Quejarse parece inofensivo, incluso necesario, un desahogo pasajero. Pero ¿nos hemos detenido a observar el impacto que tiene? Como una vela encendida en una habitación sin ventanas, consume el oxígeno que podría alimentar la claridad y la calma. La queja nos perjudica primero a nosotros mismos, ya que nos ata a una percepción de carencia constante. Es el eco de un pensamiento que dice: “Esto no es suficiente” o “Esto debería ser diferente”. Y en ese juicio, nos desconectamos de lo que es, del presente tal como se manifiesta.


Desde el budismo, aprendemos que el sufrimiento surge del apego y la aversión: querer que algo sea diferente a lo que es. La queja se alimenta de ambos, y en su juego insidioso nos deja atrapados en un bucle. En vez de aceptar y actuar, nos quedamos rumiando, alimentando la frustración que decimos querer evitar.


El estoicismo, con su mirada pragmática, también nos advierte: nos corresponde distinguir entre lo que podemos controlar y lo que no. La queja, casi siempre, recae en esta última categoría. Nos quejamos del clima, del tráfico, de la actitud de los demás… y, al hacerlo, entregamos nuestro poder a lo externo. Nos volvemos esclavos de lo que ocurre fuera, en lugar de dueños de nuestras propias respuestas y decisiones.


Pero no es solo a nosotros a quienes daña la queja. Es también un veneno que se esparce. Cada palabra que pronunciamos tiene un peso, y las quejas cargan con una energía pesada, una vibración que afecta a quienes nos rodean. Al quejarnos, invitamos a otros a mirar el mundo a través del mismo filtro negativo, a enfocarse en lo que falta en lugar de lo que abunda.

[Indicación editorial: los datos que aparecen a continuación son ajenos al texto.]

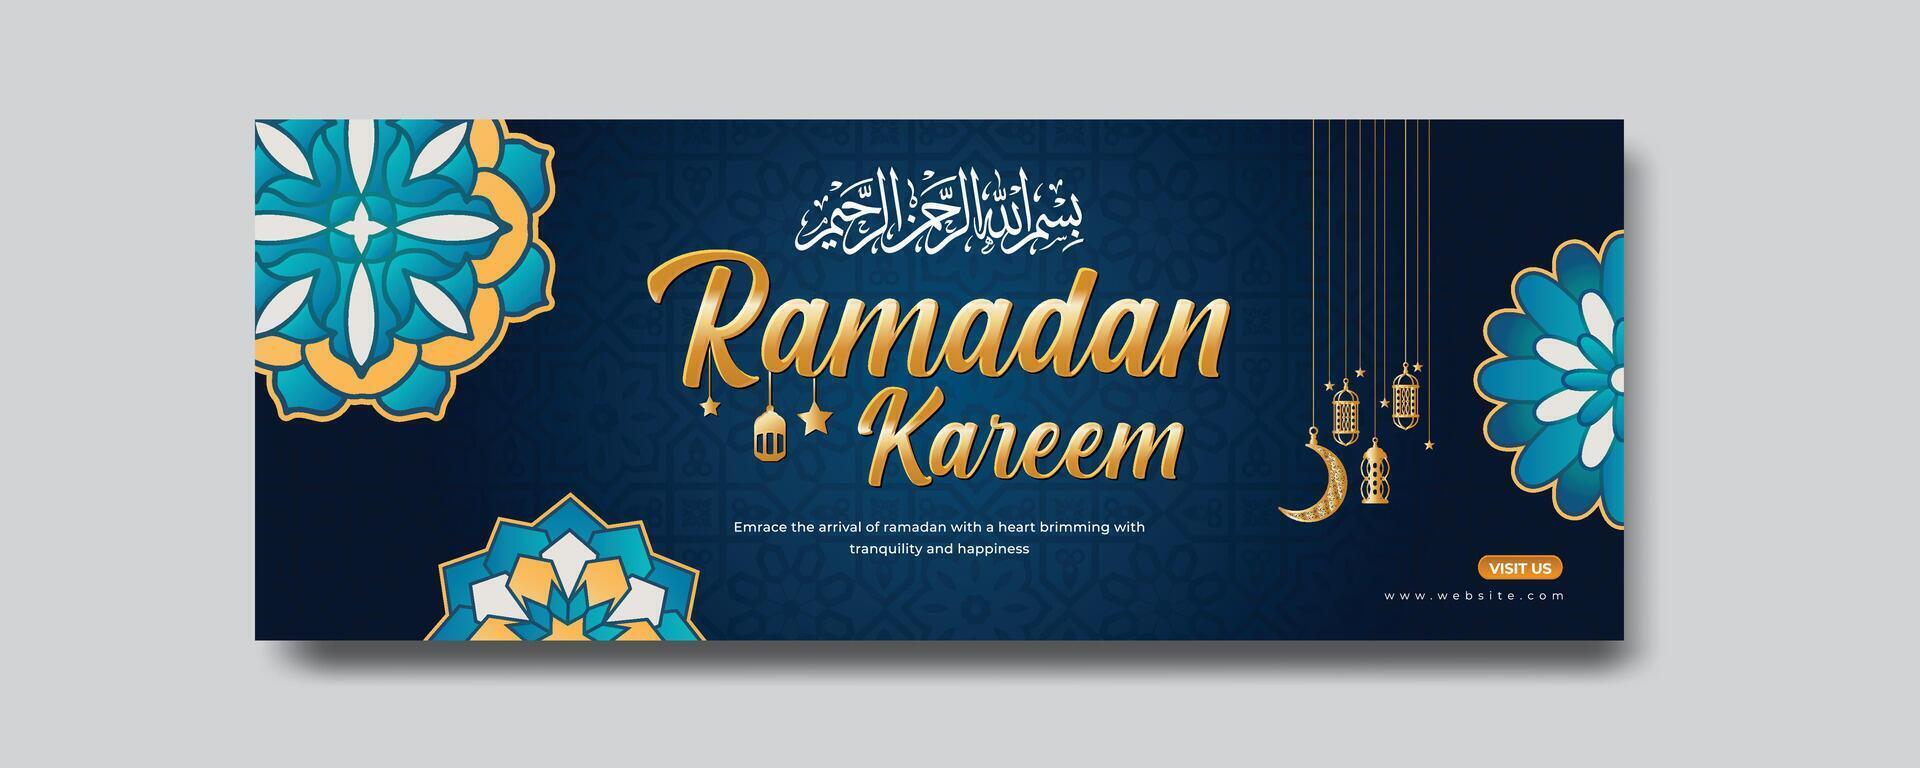 Ramadan karim groeten elegant sociaal media banier ontwerp sjabloon vector

¿Qué podemos -y diría más, que estamos obligados- hacer? La respuesta no está en reprimir, sino en cultivar la atención. Darnos cuenta, como quien observa el primer humo de un incendio, de ese impulso inicial hacia la queja. En ese momento, detenernos. Preguntarnos: “¿Esto ayuda? ¿Esto es necesario? ¿Esto construye algo?”. Y si la respuesta es no, elegir el silencio o, mejor aún, la gratitud.


Transformar la queja no es fácil. Requiere un trabajo constante, como quien doma un caballo salvaje. Pero en ese esfuerzo hay una liberación inmensa.


Cada vez que elegimos no quejarnos, nos recordamos que somos más grandes que nuestras circunstancias. Elegimos construir en lugar de destruir, sembrar esperanza en lugar de desaliento.

Así que hoy, mientras caminas por las calles ruidosas de este mundo, presta atención. Cuando sientas la queja subir por tu garganta, detente un instante. Respira. Y recuerda que, en el fondo, tienes todo lo necesario para ser libre. No permitas que el veneno invisible de la queja robe tu paz ni la de quienes te rodean.


Porque el silencio, cuando está lleno de conciencia, tiene una música que eleva. Y esas notas son un regalo para ti y para el mundo.